++++ TASK DATA
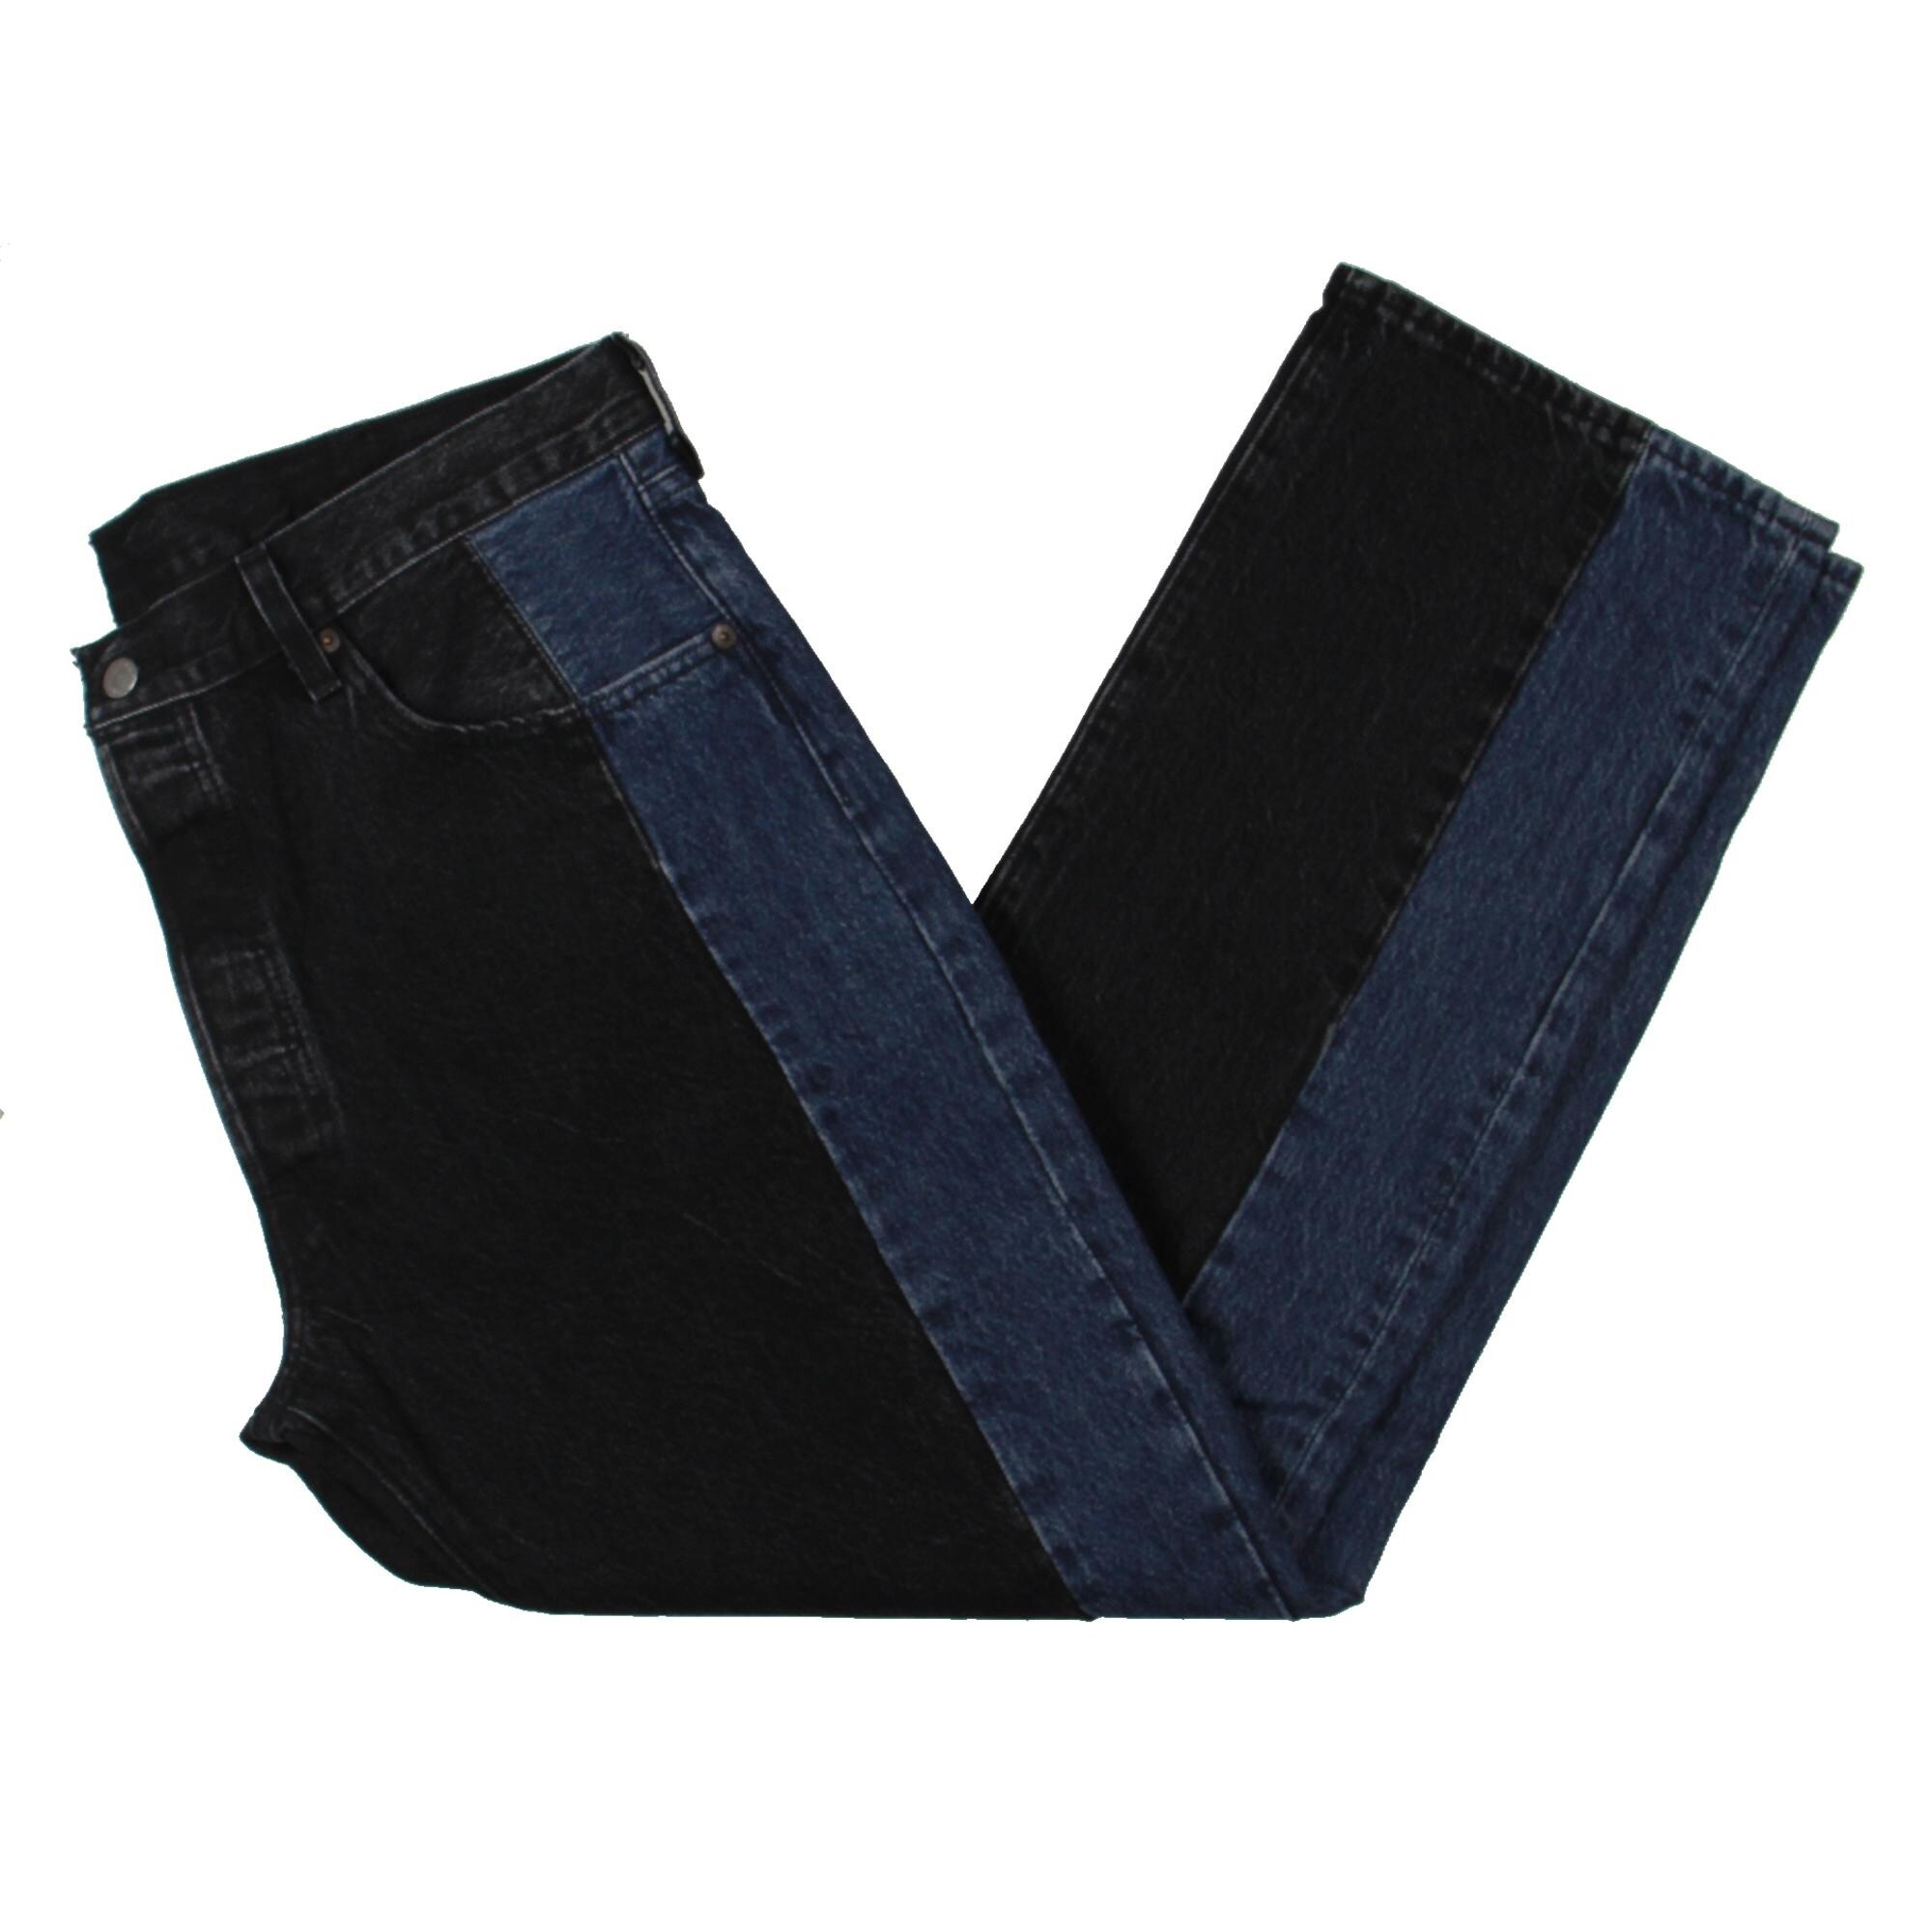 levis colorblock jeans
++++++++
++++ TASK DATA
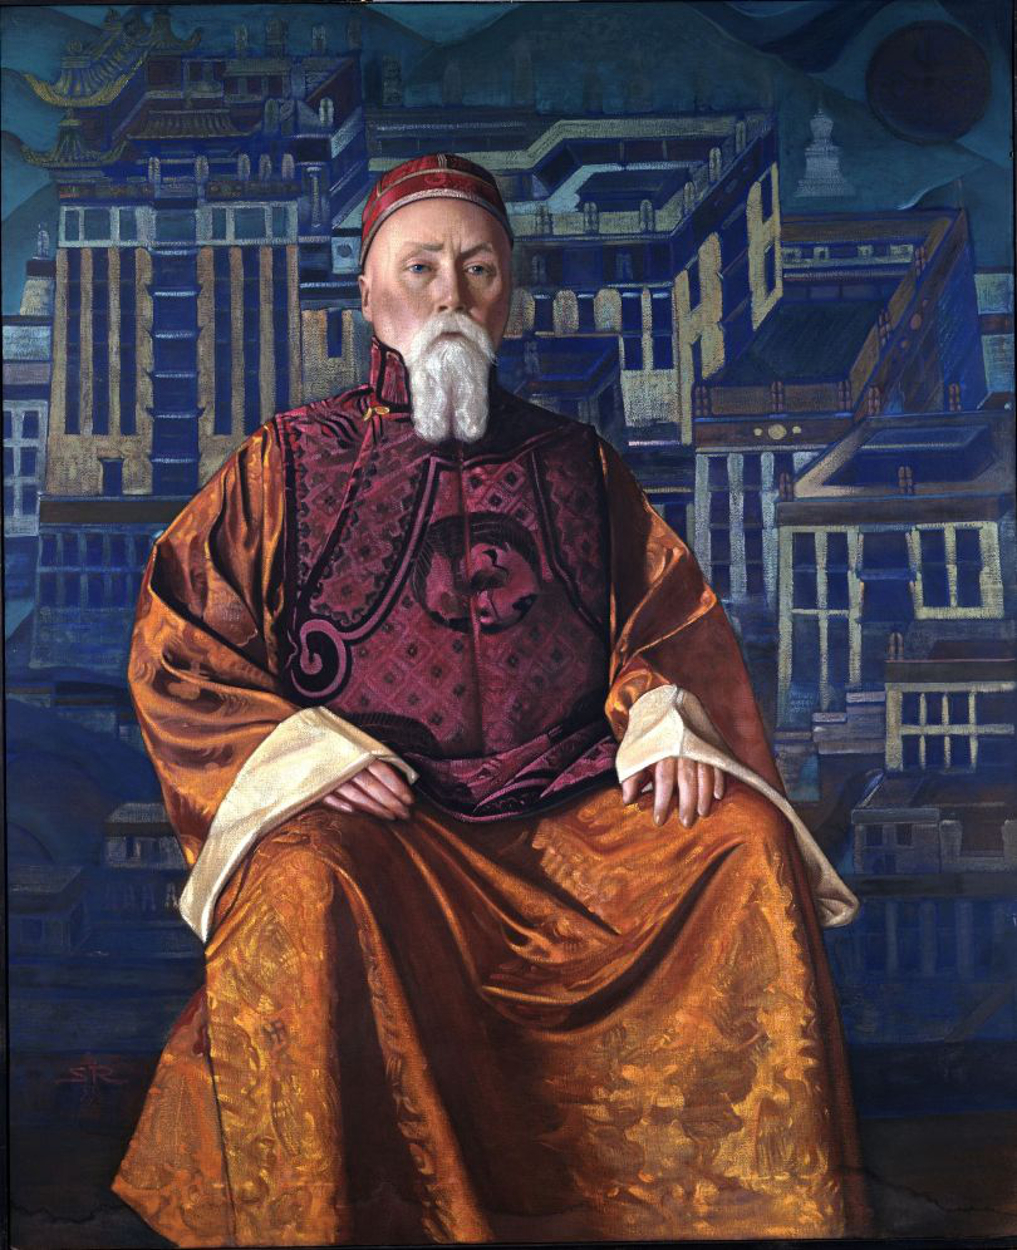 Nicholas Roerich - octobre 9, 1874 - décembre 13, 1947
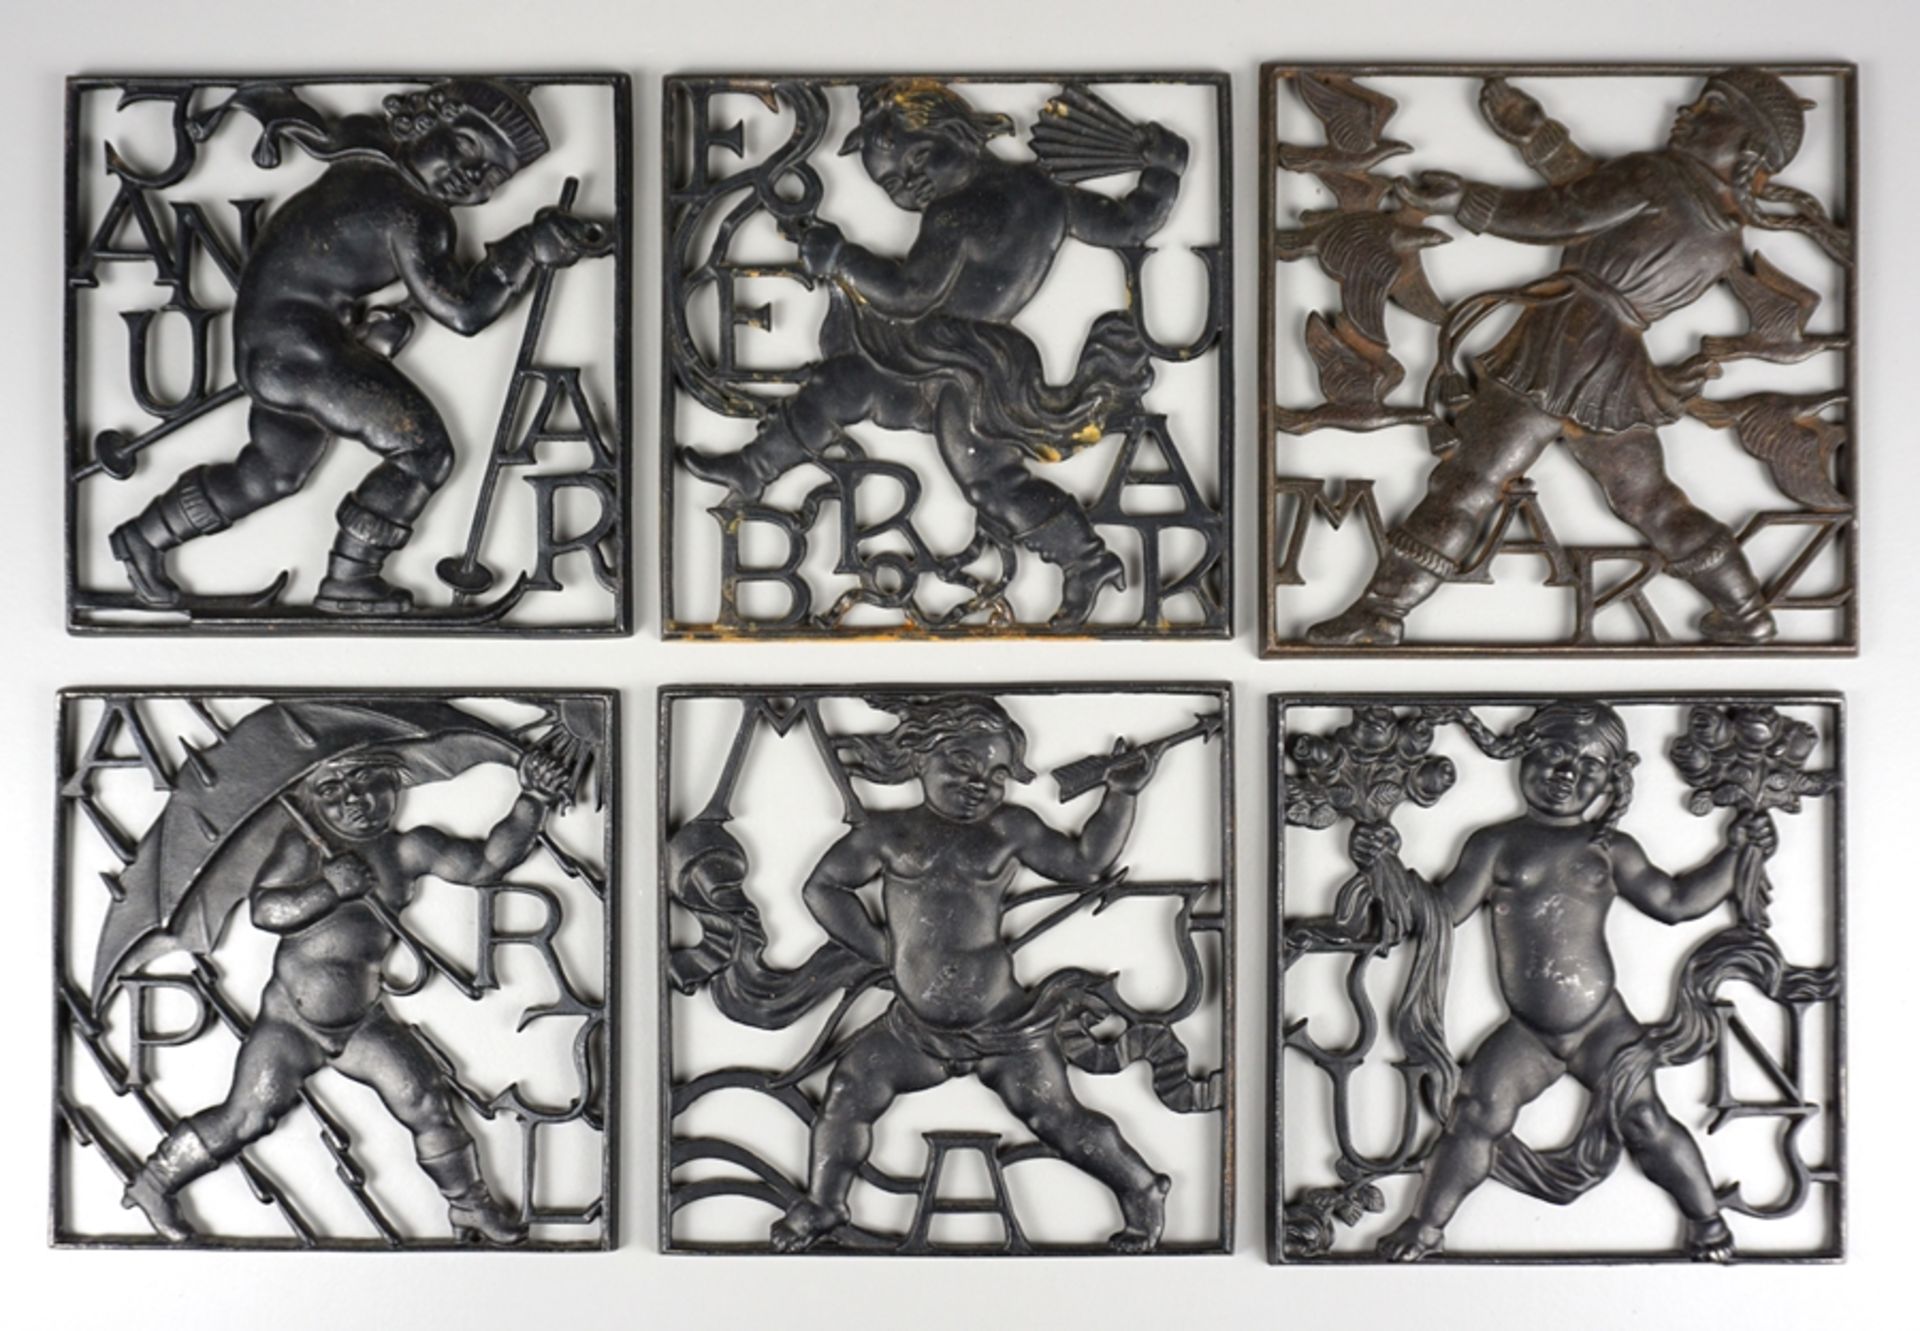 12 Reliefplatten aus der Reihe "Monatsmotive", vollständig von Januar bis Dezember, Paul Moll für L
++++++++
# [WHAT THE TASK REQUIRES]
Retype the lines above exactly as they appear, from the line containing "Nicholas Roerich - octobre" through the line containing "12 Reliefplatten aus", and leave out any pictures.

# [PROBLEM SOLUTION]
 Nicholas Roerich - octobre 9, 1874 - décembre 13, 1947
 12 Reliefplatten aus der Reihe "Monatsmotive", vollständig von Januar bis Dezember, Paul Moll für L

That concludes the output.